By Jeremy Olshan, MarketWatch
It’s one of civilization’s darkest hours, and all I can do to help is the dishes.
Life hunkered down with my family in our cozy suburban gulag is marked by equal parts helplessness and household chores. Each day, the stories and statistics grow more terrifying. And yet, each day is bookended, as always, by picking up after the dogs.
I am not complaining. The fact that I am able to work from home, work out from home, play board games with my wife and kids from home, and even take piano lessons via Zoom from home, is the epitome of white-collar privilege. It’s an embarrassment of routine riches at a time when so many are getting sick, even dying; so many are losing their livelihoods; and so many others — nurses, doctors, and food-delivery workers — put themselves at risk on the front lines.
Everything is insane. Everything is normal. How could both these things be true?
The last time I felt this way was the morning of Sept. 12, 2001, when I stood at the corner of West Houston Street and Sixth Avenue at the intersection of two opposite Manhattans. Looking downtown, I saw a smoldering hellscape where the twin towers no longer stood. But when I craned my neck to face uptown, the view was just as unsettling. Everything looked … normal. An almost ordinary day in New York. How could both these things be true?

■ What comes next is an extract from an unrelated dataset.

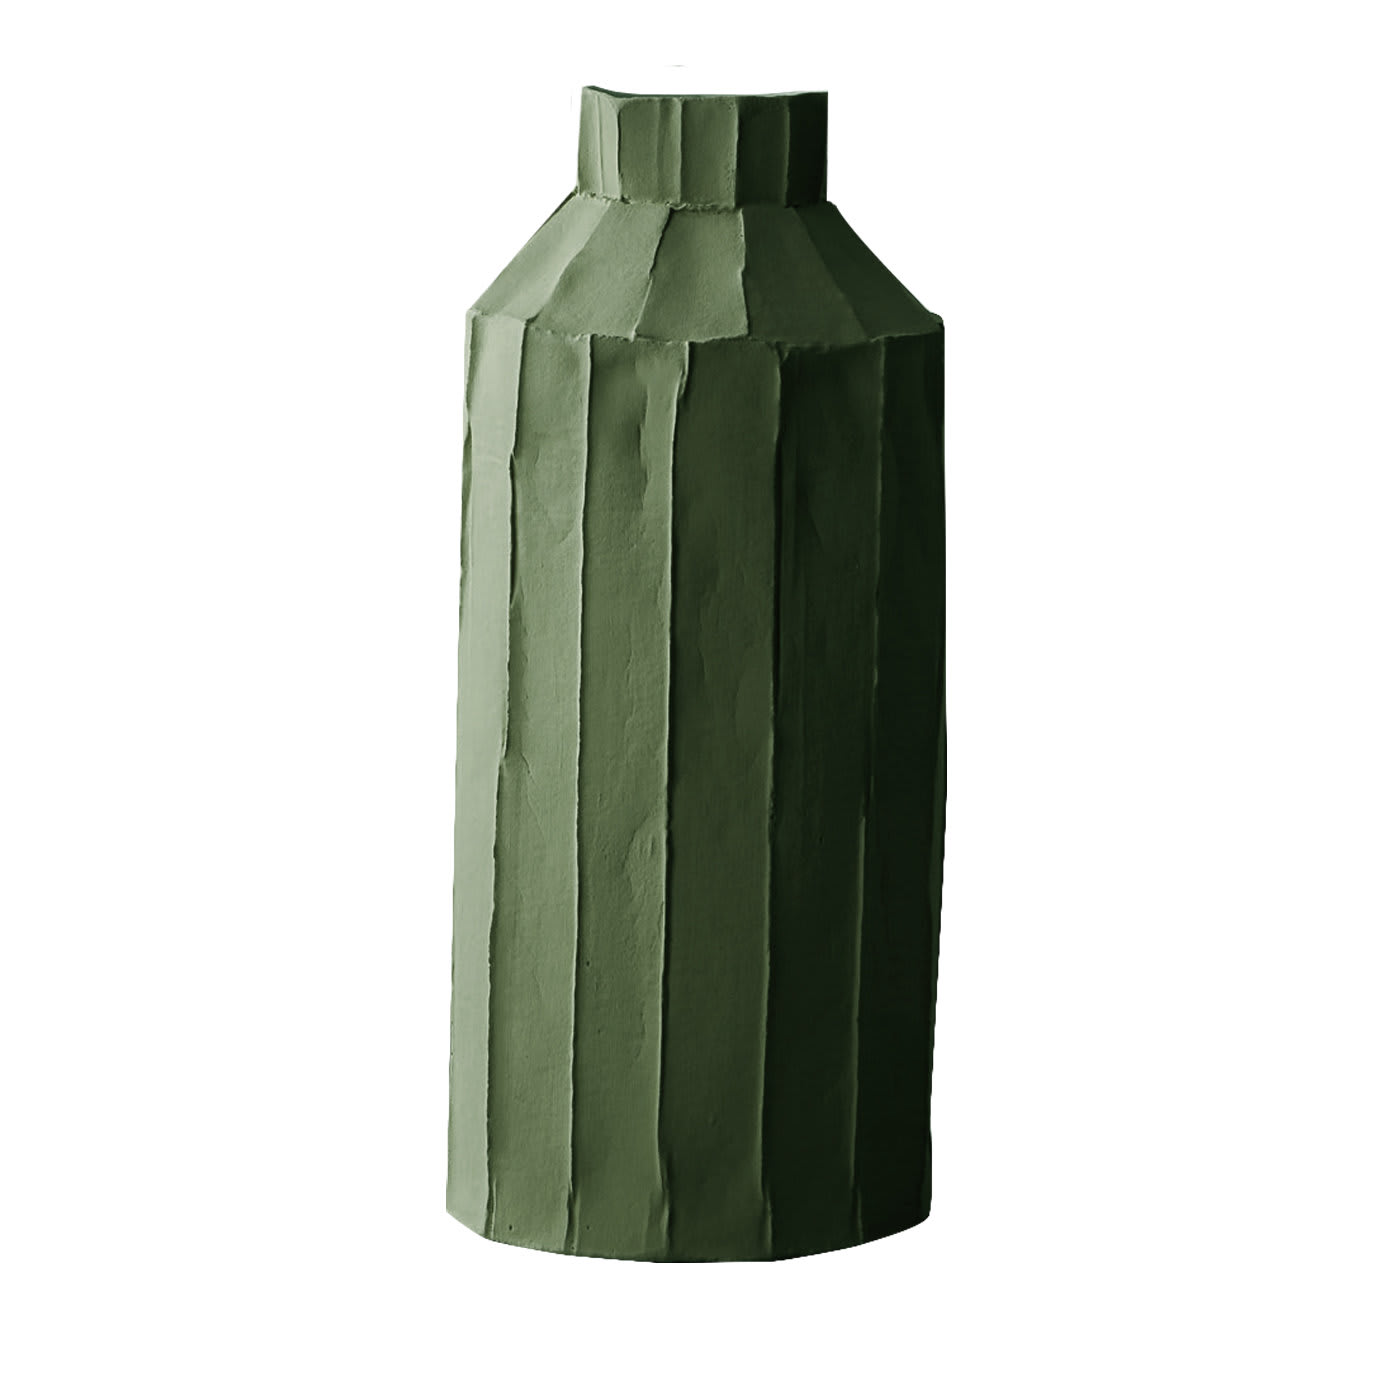 Cartocci Corteccia Fide Sage Green Vase - Paola Paronetto

In journalism we are drawn, like moths to flaming buildings, to what changes. News is change. But equally important is the negative space of news: that which stubbornly doesn’t change.
The horrors inflicted by the coronavirus are a slow-burn story. Like disgraced politicians, we’ve all resigned to spend more time with our families. And for most of us there is nothing to do but wait for things to inevitably get much worse before they get better.
Parmenides said that “nothing comes from nothing.” Paul Newman said “sometimes nothing is a real cool hand.” How could both these things be true?
Social scientists say a crisis like COVID-19 is a “focusing event,” one that recalibrates public policy and cultural norms. This collective focusing may not happen quickly enough. But it is a focusing event for each of us individually as well.
“Be careful,” my 12-year-old son said to my 73-year-old mother. “I could not live without you.”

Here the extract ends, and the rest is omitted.